This is on a Lenovo T14 AMD-based machine, versions:

wsl --version
WSL version: 1.2.5.0
Kernel version: 5.15.90.1
WSLg version: 1.0.51
MSRDC version: 1.2.3770
Direct3D version: 1.608.2-61064218
DXCore version: 10.0.25131.1002-220531-1700.rs-onecore-base2-hyp
Windows version: 10.0.22621.2283
ghost commented 1 year ago

@patricklangsonos, Ideally we'll want to know from people which powerstate transitions cause this. But I don't know a good way to gather that information yet.

mungojam commented 1 year ago

@patricklangsonos, Ideally we'll want to know from people which powerstate transitions cause this. But I don't know a good way to gather that information yet.

For the high CPU symptom, I believe it is hibernation that causes it.
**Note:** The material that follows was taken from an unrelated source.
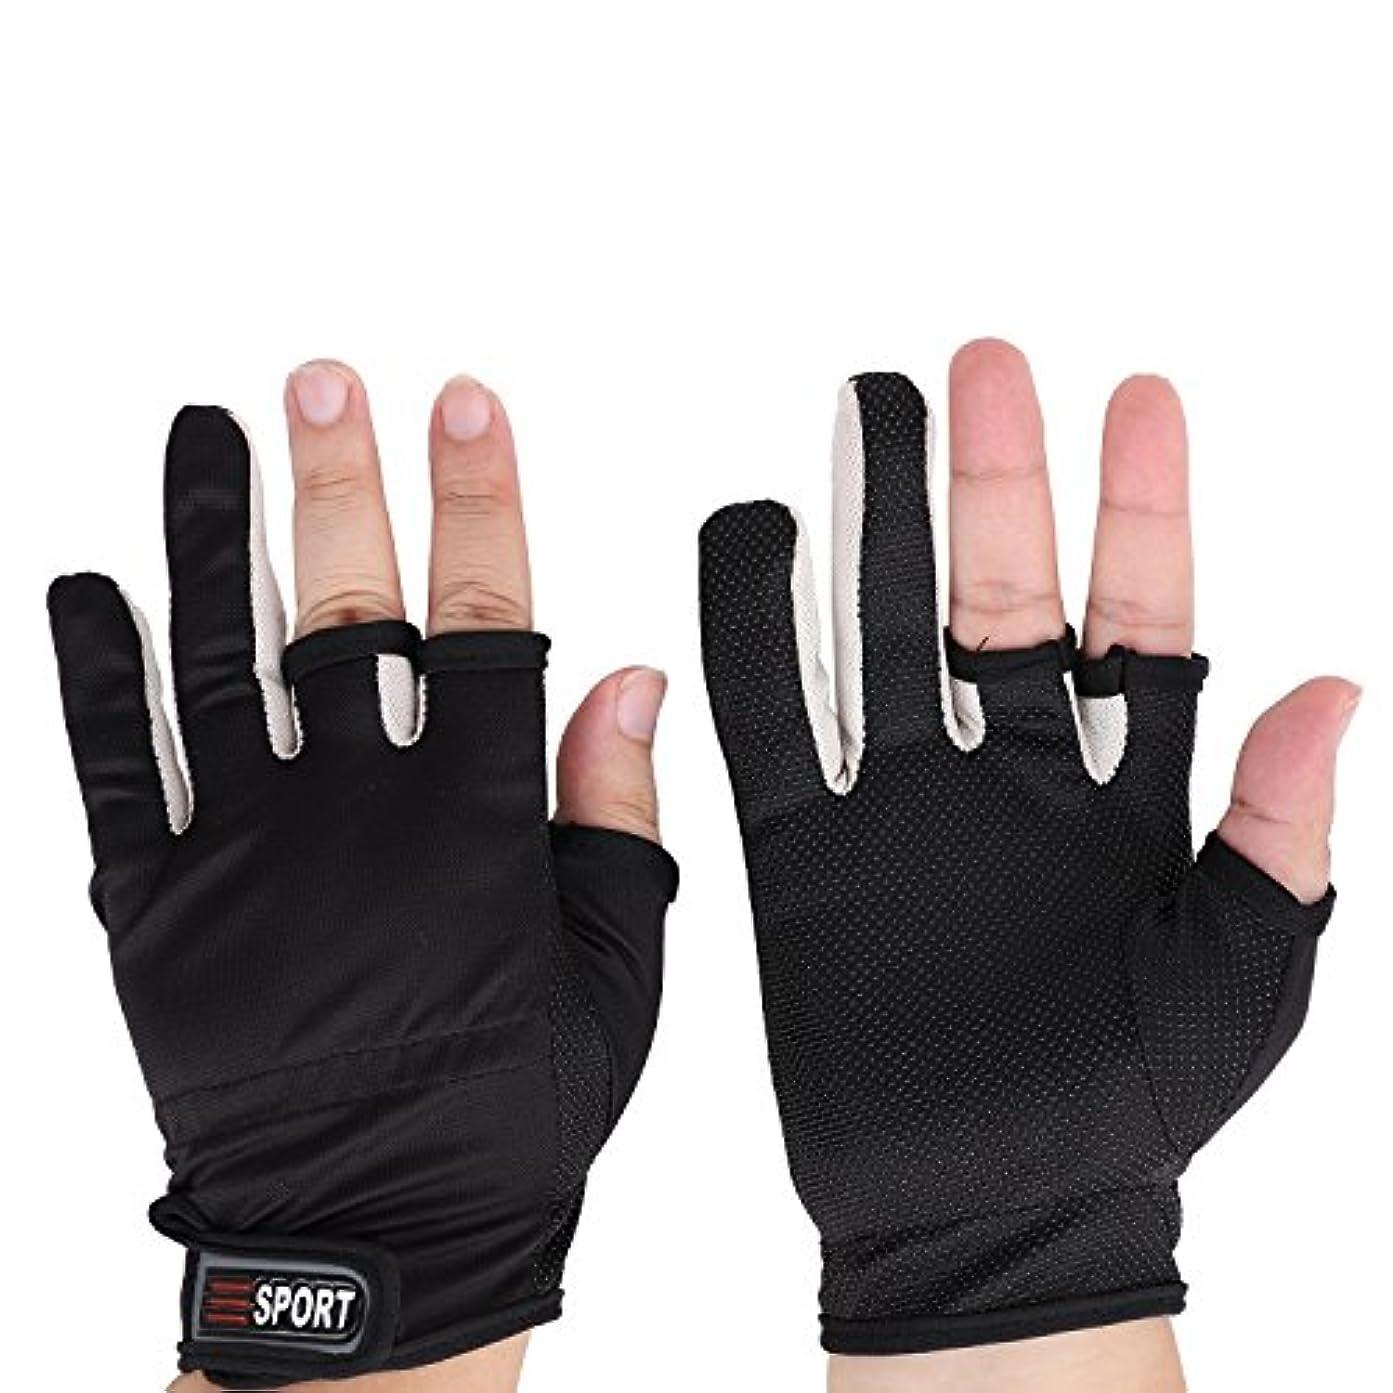 知らせる令状記者釣り用手袋 3本カットフィッシンググローブ 指を保護 釣道具 男性用 アウトドア グローブ 釣り 防水 防寒 保温 防風 通気性 伸縮性 吸湿発散性 滑り止め 2個入り 2色

I rarely suspend my work pc but often hibernate it and get the symptom multiple times per week

Viqsi commented 1 year ago

The total duration of all those sleeps on 9-19/20 is 26:28:44, which is relatively close to the time correction required (25:47:35)

I opted to do a little numerology because of a pet theory in the back of my mind that it's an issue with sleep times that go beyond a certain time threshold, and noticing that if you remove the 00:02:09 sleep, the difference is exactly 39 minutes. If that theory is correct, then (on that machine, anyways) any sleep state that lasts longer than 7 minutes 48 seconds would lead to a time correction needed for the duration of the remainder of the sleep state.

I doubt it's actually that simple but it piqued my curiosity.

patricklangsonos commented 1 year ago

@patricklangsonos, Ideally we'll want to know from people which powerstate transitions cause this. But I don't know a good way to gather that information yet.

Yeah, I think that's a possibility. I have a desktop machine on the same Win11 & WSL builds that is not reproducing it. It's also a different CPU though - the Lenovo T14 is a Ryzen 5xxx pro series, the desktop is a 7xxx series.

cmullendore commented 1 year ago

I've been vexed by this issue for a long time as well. I'm pretty sure for linux OSs running directly on hardware, particularly those that are intended for clients that do S states all of the time, this is a fixed issue. There is the possibility of dynamically changing the datetime on an OS instance constantly could freak out some long-lived services, but on WSL, which isn't necessarily designed to run 24x7 anyway, that should be a lesser issue. So... A question and some thoughts... (NOTE: I do C#, not hardware, I'm not a true linux dev, and I won't claim to be a linux or necessarily hardware expert... but I'm gonna give ideas rather than just complaints).

Ideas:

I'm a superfan of WSL and use it for a lot of dev (frequently running mysqld, better or worse) so the time sync issue does matter to me. A Windows guest in Hyper-V has this solved. "Enlightened" OSs are supposed to benefit from the services offered by Hyper-V intelligently... so I'm thinking there MUST be a way to get this to work.

wpwoodjr commented 1 year ago

Use systemd to force clock sync

See this comment: https://github.com/microsoft/WSL/issues/8204#issuecomment-1338334154

cmullendore commented 1 year ago

@wpwoodjr I hear you and have done similar workarounds... but the fundamental truth is that this shouldn't be a burden on users, not everyone is experienced enough to implement such a fix, and if a Windows guest can do it automatically WSL should to given that it's a Microsoft feature.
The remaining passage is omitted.